Task item
For the material below, reproduce exactly each line from the one that has "Dionne - Stainless" through the one that has "Personnel Records of", and no others; pictures stay out.

Data

######

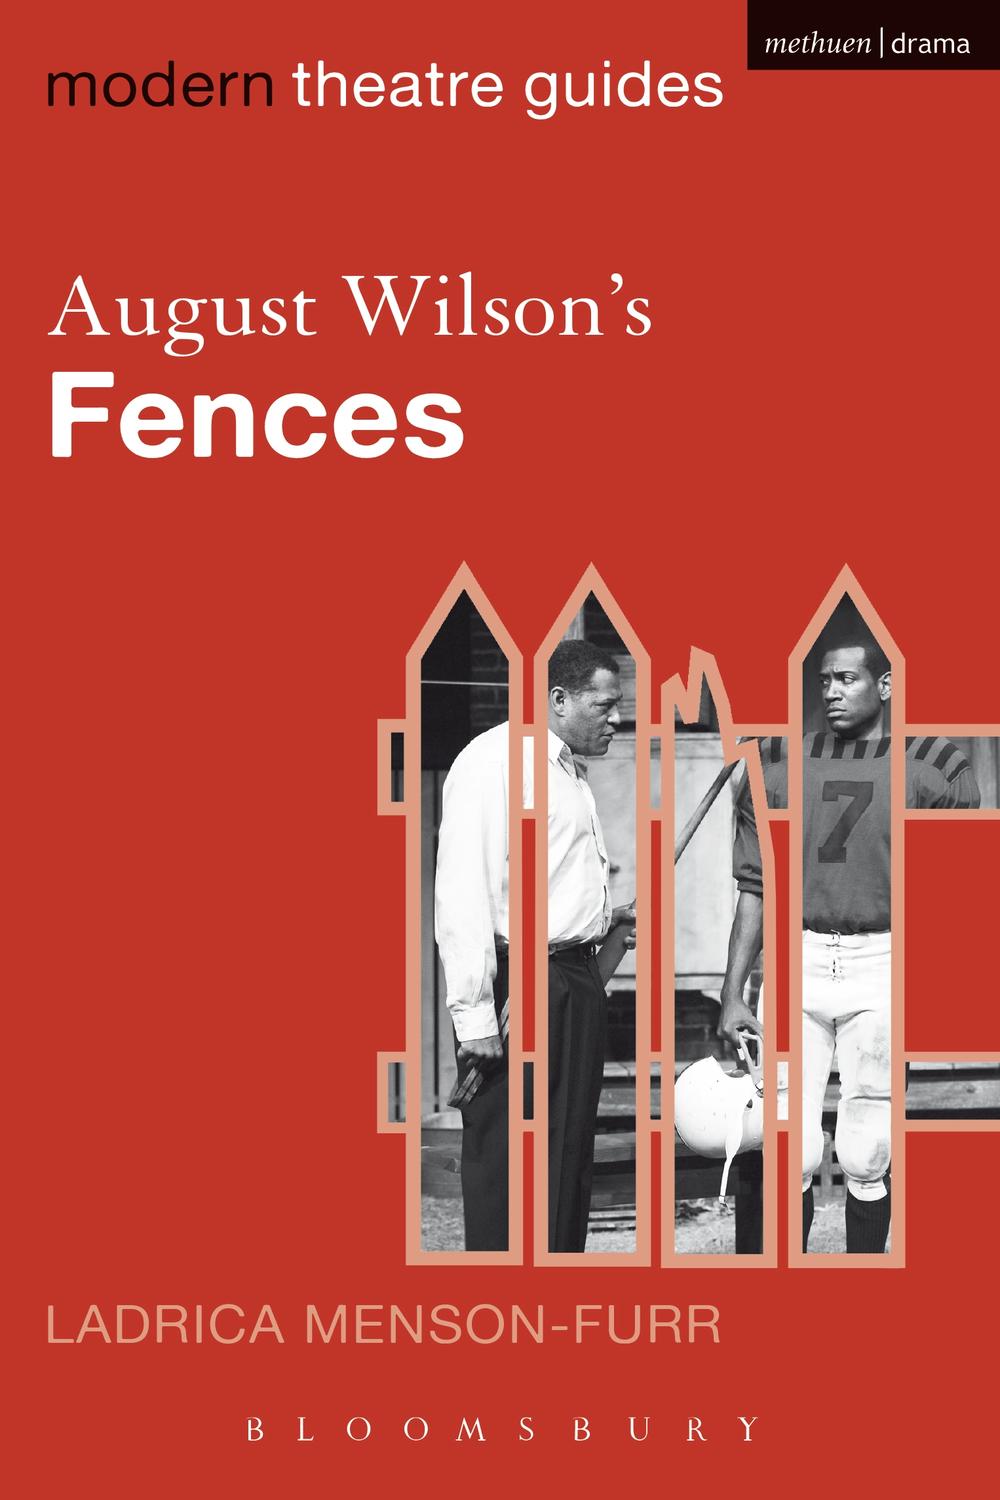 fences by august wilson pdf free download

######

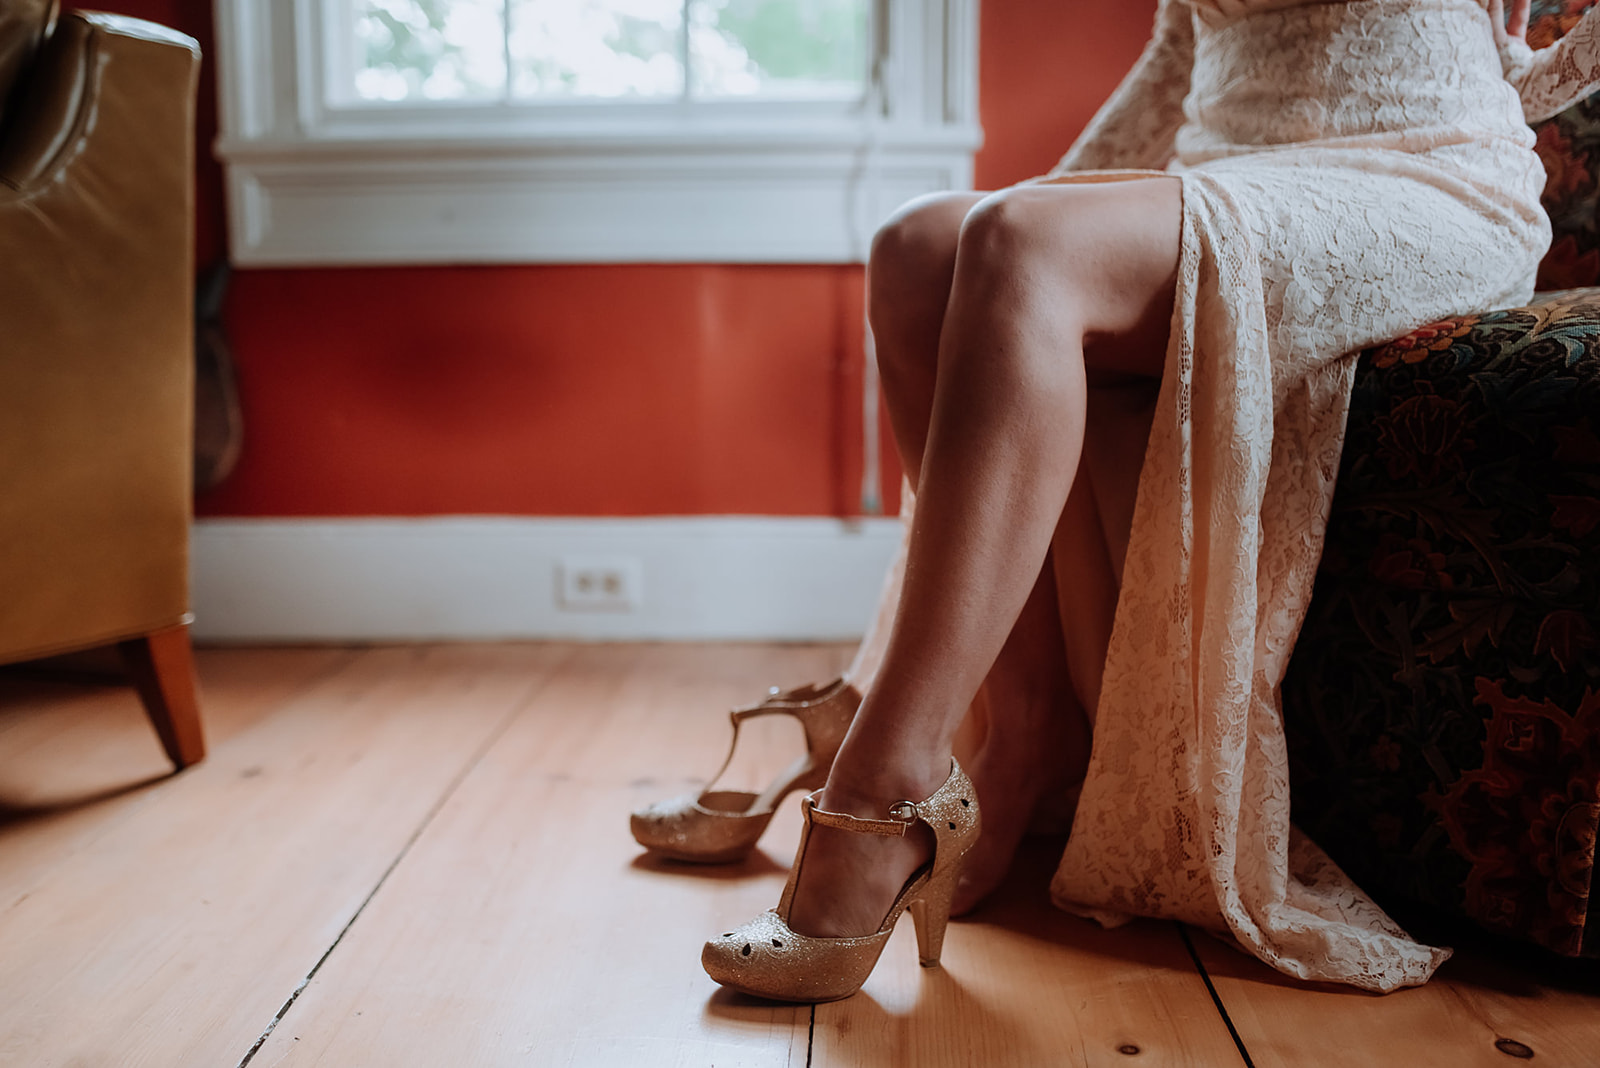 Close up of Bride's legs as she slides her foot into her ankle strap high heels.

######

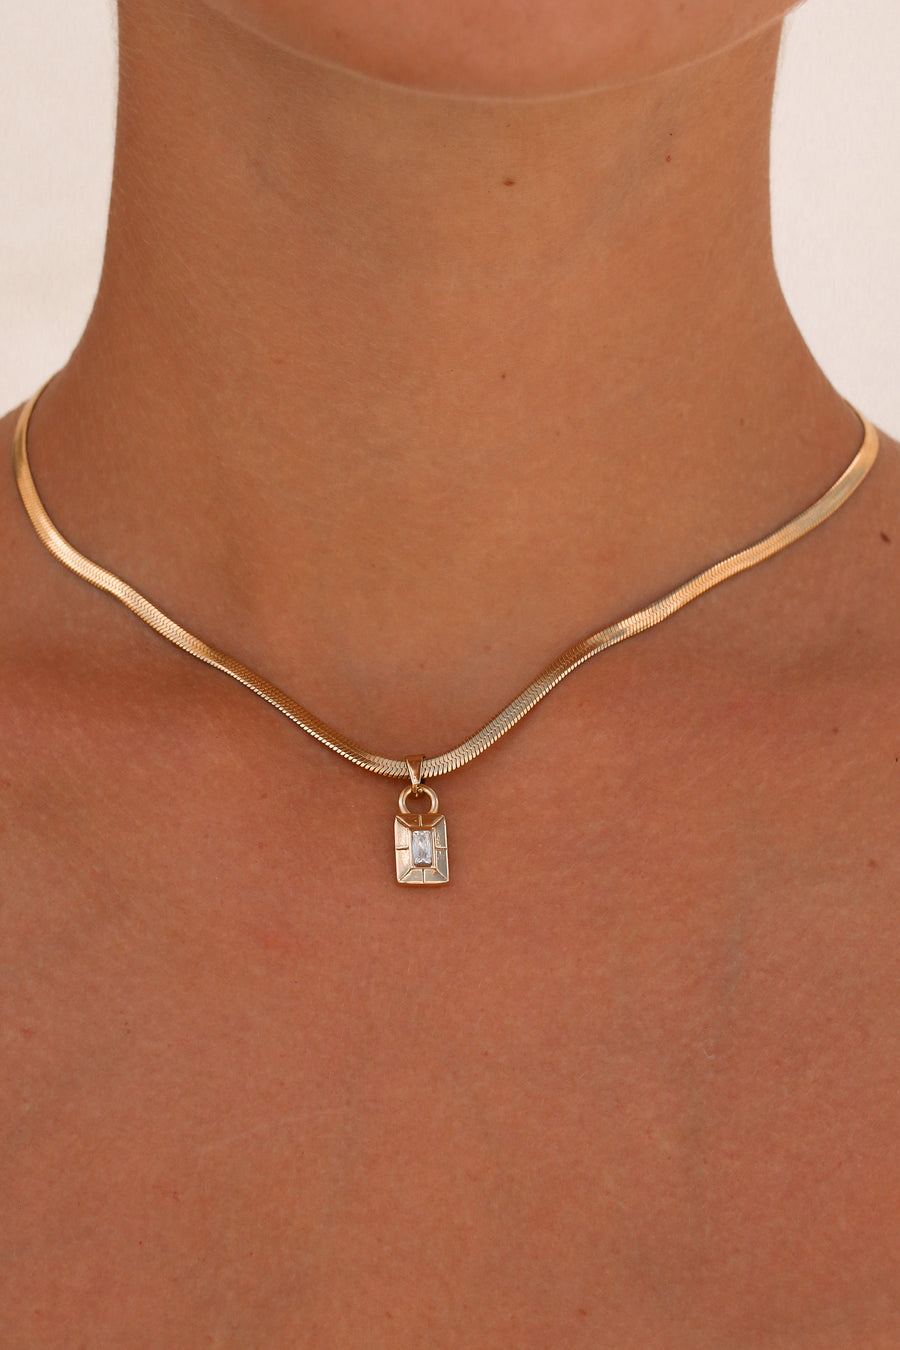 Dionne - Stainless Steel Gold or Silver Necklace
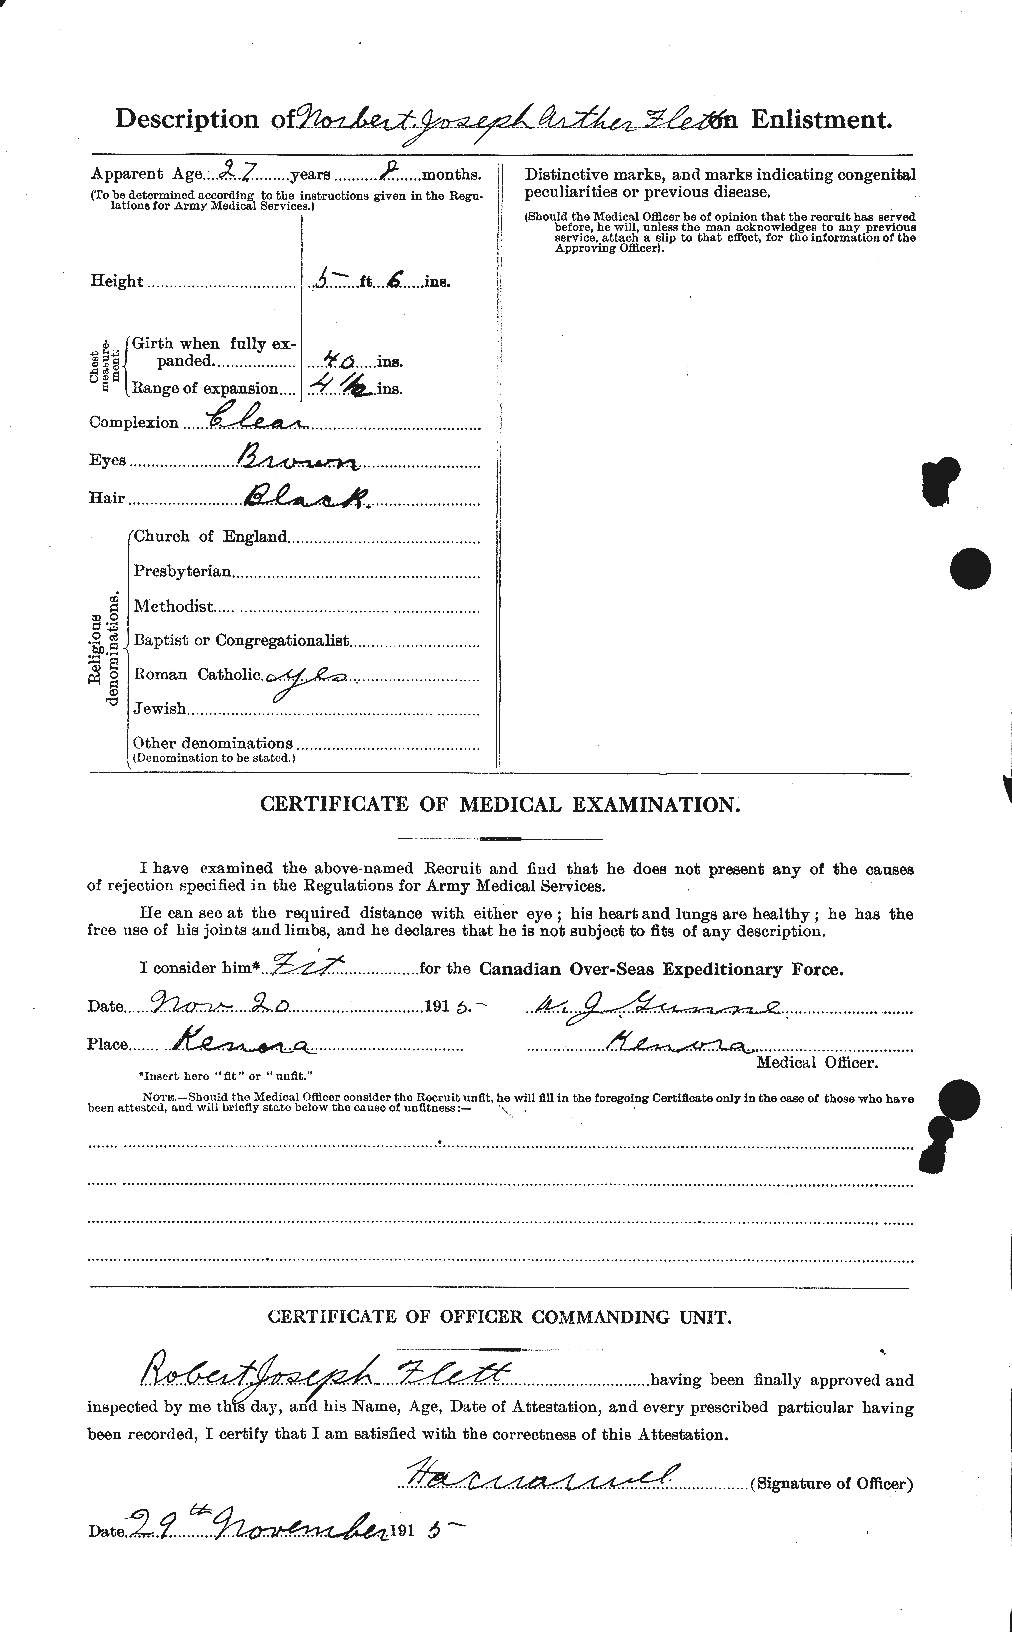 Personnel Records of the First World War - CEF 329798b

######

Response to the task
 Dionne - Stainless Steel Gold or Silver Necklace
 Personnel Records of the First World War - CEF 329798b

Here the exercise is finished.